** Opening Data block **

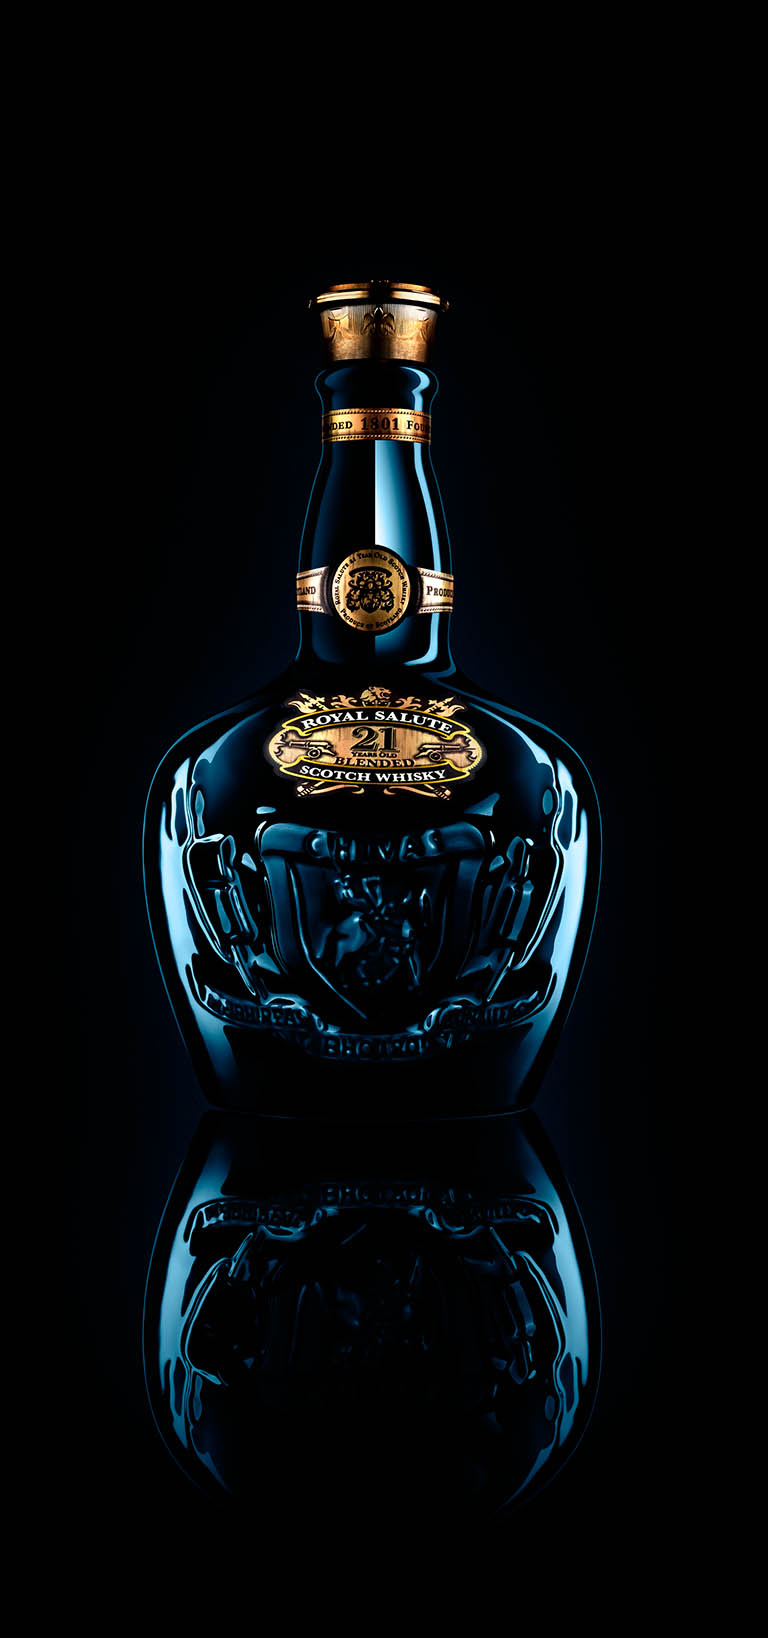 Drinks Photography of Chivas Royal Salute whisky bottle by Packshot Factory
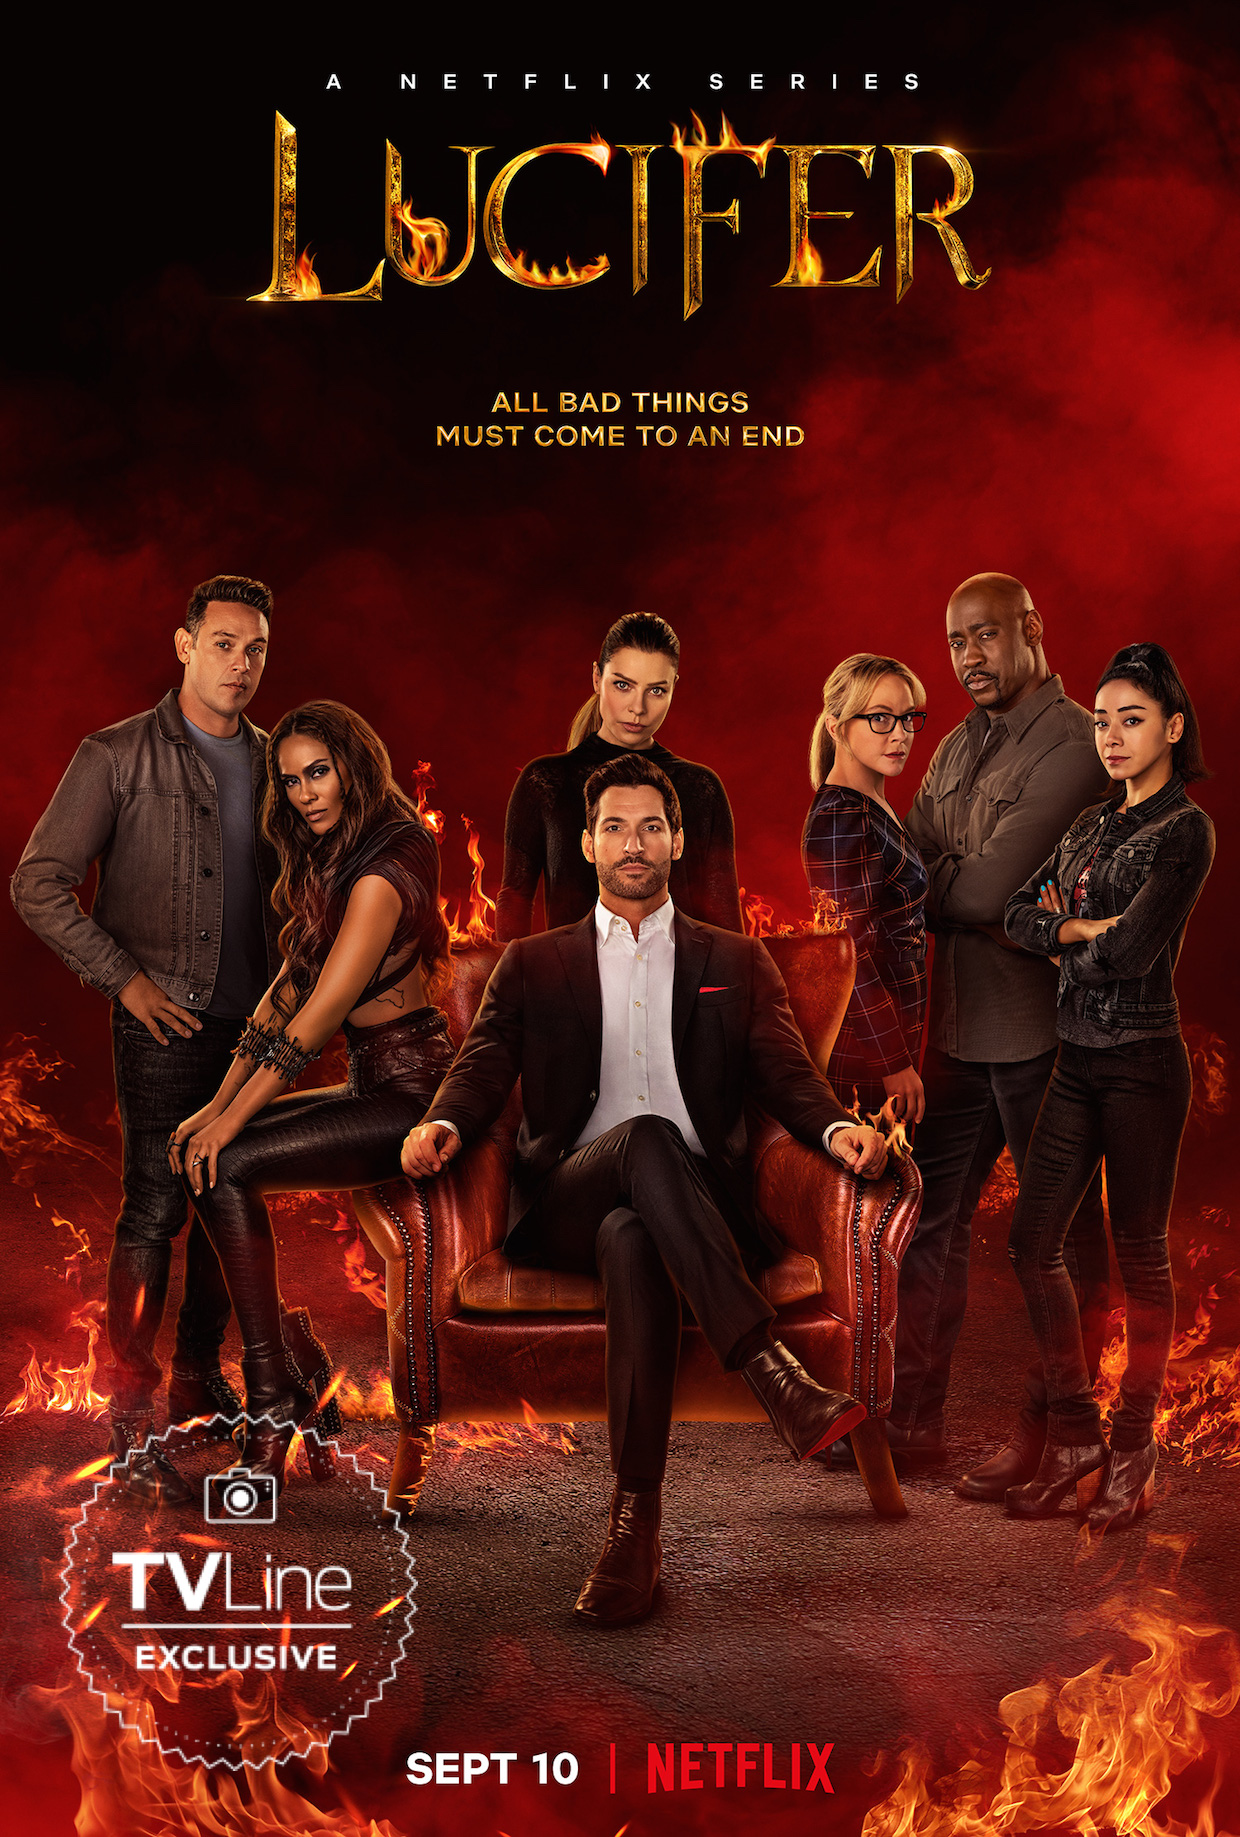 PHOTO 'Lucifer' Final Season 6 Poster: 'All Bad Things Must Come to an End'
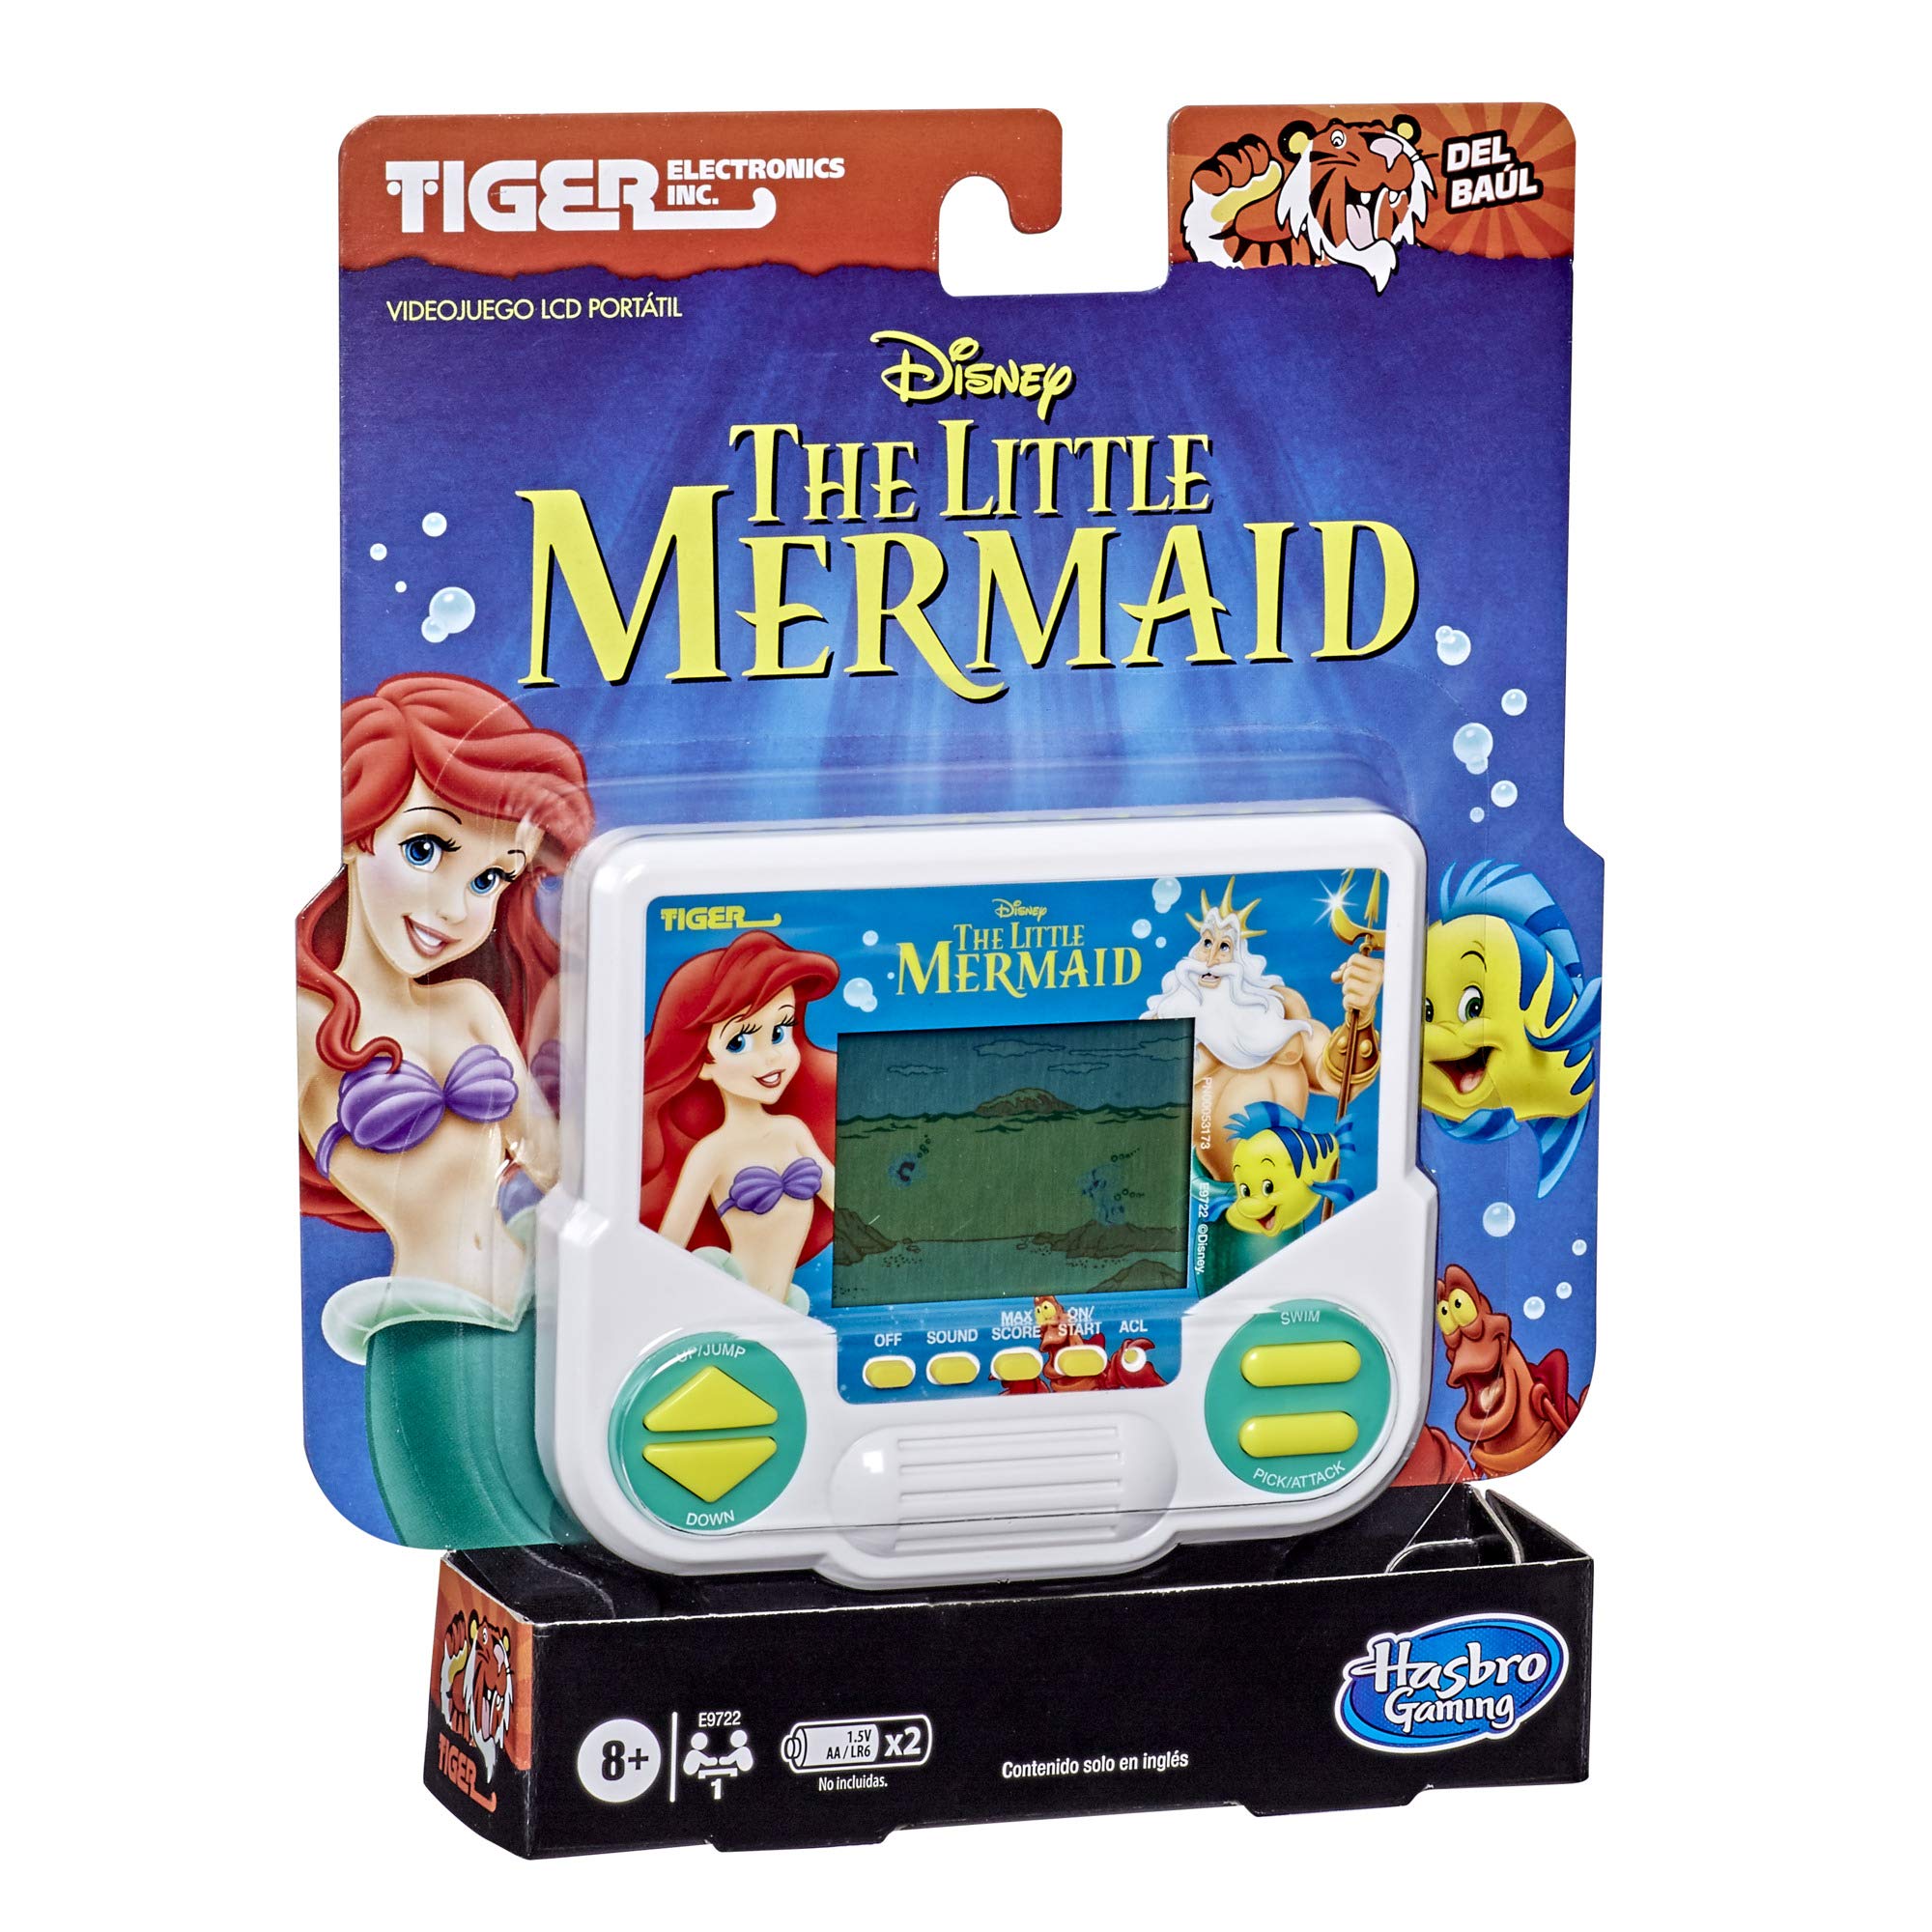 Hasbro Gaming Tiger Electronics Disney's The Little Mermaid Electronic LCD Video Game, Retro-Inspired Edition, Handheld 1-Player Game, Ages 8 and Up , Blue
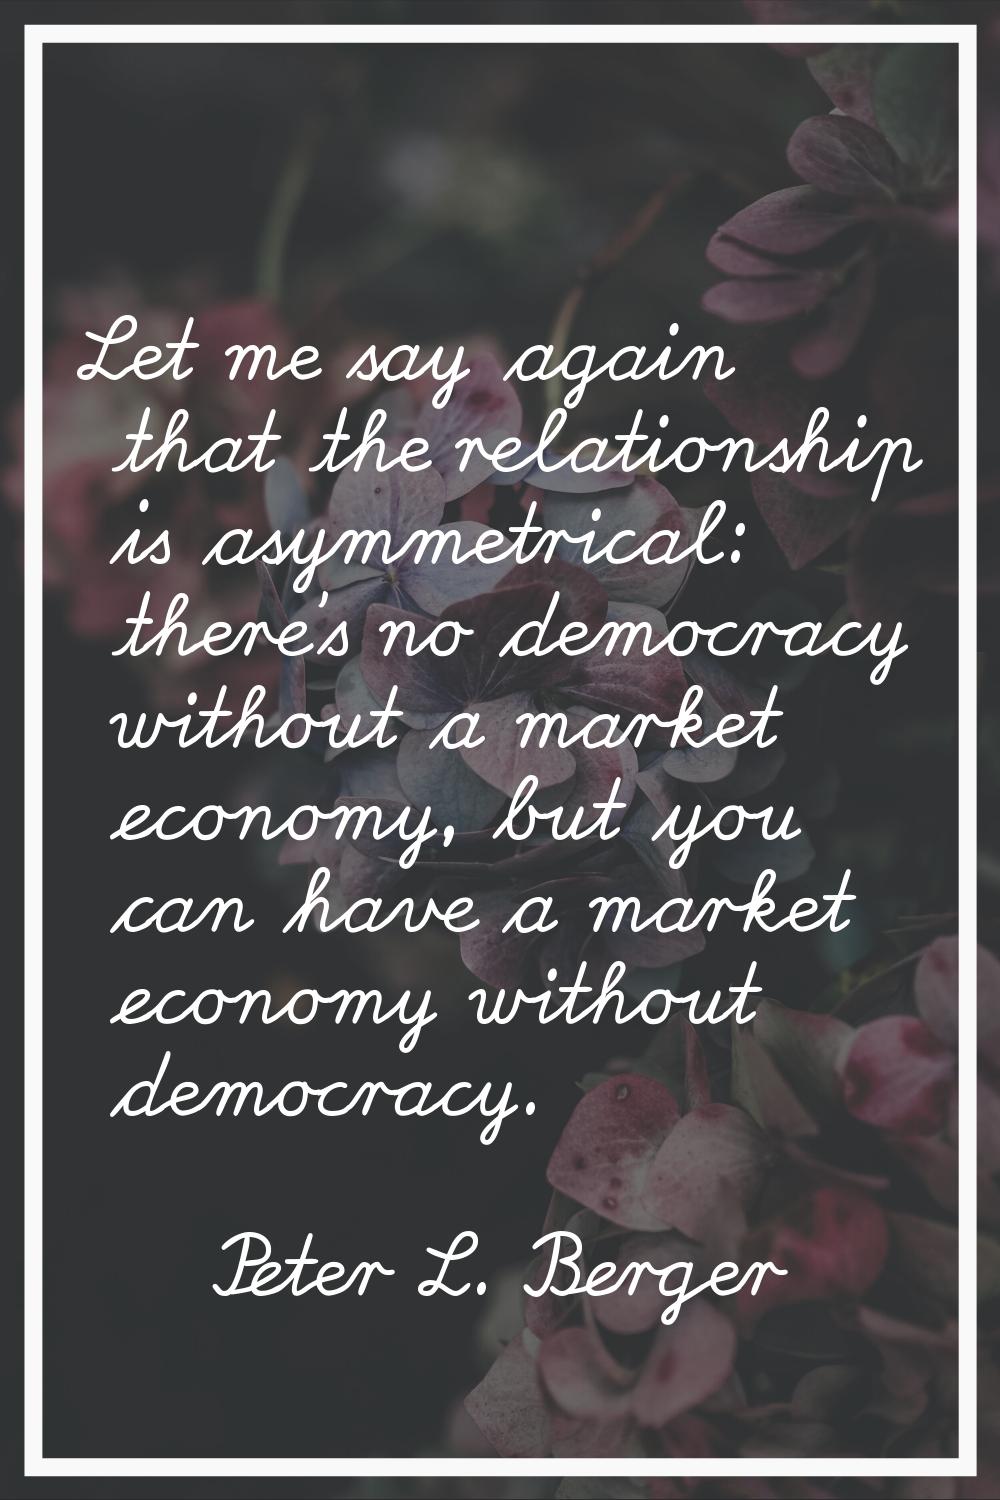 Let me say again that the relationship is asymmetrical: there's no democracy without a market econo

** Closing Data block **

▶ [What you should do]: Full transcription of the material, exact in every line, without images.

▶ [Output below]:
 Drinks Photography of Chivas Royal Salute whisky bottle by Packshot Factory
 PHOTO 'Lucifer' Final Season 6 Poster: 'All Bad Things Must Come to an End'
 Hasbro Gaming Tiger Electronics Disney's The Little Mermaid Electronic LCD Video Game, Retro-Inspired Edition, Handheld 1-Player Game, Ages 8 and Up , Blue
 Let me say again that the relationship is asymmetrical: there's no democracy without a market econo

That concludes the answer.